When Franklin Roosevelt did it, they called it "packing the court." When Richard Daley did it, it was known as "stuffing the ballot box." In either case, it meant a way of massaging the numbers to guarantee the desired results.
At the H.O.R.D.E. Band to Band Combat show on February 26 at Gibson's, packing the court with friends and loyalists was the only way a competing band had any chance of victory. The show featured five local bands--Honey Child, Jamie's Brother, Sledville, Kongo Shock, and Satellite--competing for a slot at this summer's H.O.R.D.E. Festival stop in Phoenix, at Desert Sky Pavilion. The winner was determined by fan voting at the show, which meant that if your fans didn't come out en masse, you'd get buried by the competition.
That didn't seem to be a problem for any of the competitors. Right from the start of the five-hour marathon, you would hear those excessive bursts of excitement that sound more like planned partisanship than spontaneous euphoria.

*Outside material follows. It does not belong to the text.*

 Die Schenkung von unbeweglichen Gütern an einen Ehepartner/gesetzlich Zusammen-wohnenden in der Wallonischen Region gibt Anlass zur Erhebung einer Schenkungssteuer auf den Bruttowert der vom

The contest recalled that moment in The Man With Two Brains when Steve Martin turns to his wife after they've made love for the first time and says, "I never, ever thought it could be so . . . professional." Though inspiration and originality were often in short supply on this night, the evening was at all times so very professional.
Of course, if professionalism really meant squat, then Quarterflash would be in the Rock and Roll Hall of Fame, and Bob Dylan would still be begging for an open-mike gig. At its best, it's a means to an end. Too often at the H.O.R.D.E. contest, it felt like a means to nothing.

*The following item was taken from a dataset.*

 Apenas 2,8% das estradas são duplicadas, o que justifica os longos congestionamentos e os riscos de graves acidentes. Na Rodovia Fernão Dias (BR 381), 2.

The opening band, Honey Child, was a case in point. In a way, Honey Child best represented what we generally think of as the H.O.R.D.E. aesthetic. The sextet played pleasantly funky rock--not Bootsy Collins funky, more like the kind of laid-back groovesmanship that Steve Miller handed down to the Spin Doctors. The band had the requisite percussionist, and it showed an inclination to jam, albeit with taste and restraint. The band's musicianship was impeccable as always, and Heather Higgs showcased her powerful vocal instrument, but the band's songs remain too run-of-the-mill to register, and the grooves aren't captivating enough to pick up the slack.
Jamie's Brother was the odd band out at the contest. This quintet is the Alice in Chains of the local scene, forever straddling the fence between alt-rock and metal. In fact, when lead singer Jeff Harmon leaned into a harmony with guitarists Chris Wright or Chris Nelson, the results were positively Staleyesque. The band started slowly, and its material was hit-and-miss, but it closed the set with strong versions of two of its best songs, "Down" and "21."

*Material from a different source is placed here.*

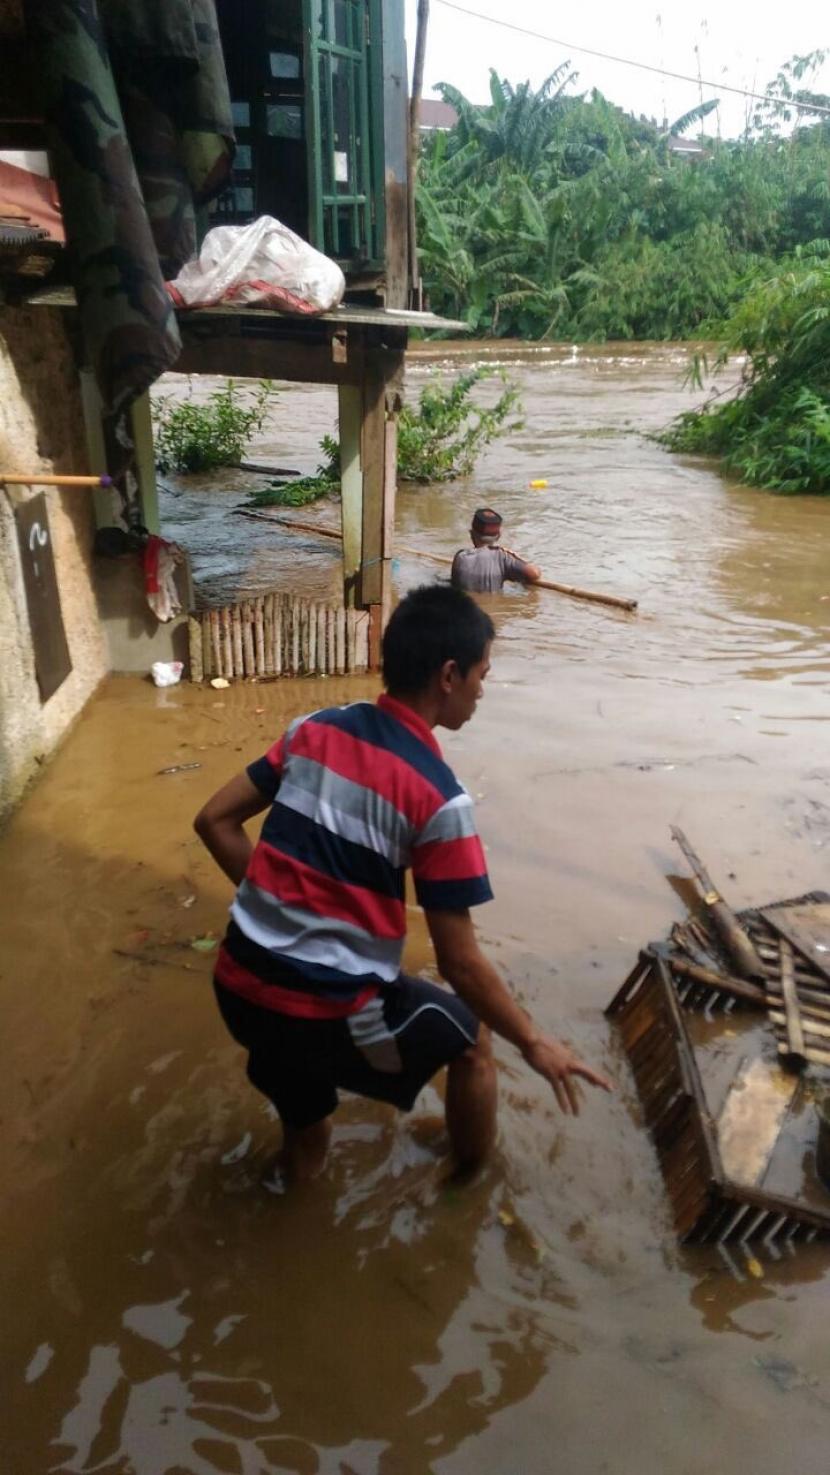 Banjir melanda kawasan Tanjung Barat, Kecamatan Jagakarsa, Jakarta Selatan, akibat luapan Sungai Ciliwung.

Sledville falls into the same stylistic chasm as Jamie's Brother, but it was much harder to stomach. Though the band's twin-guitar attack was precise and powerful, the songs were loaded with calculation and short of any audible inspiration. The performance might have been passably bland but for singer Mark Norman, whose frenzied left-arm swinging and spastic facial contortions looked like a bad imitation of John Belushi doing Joe Cocker.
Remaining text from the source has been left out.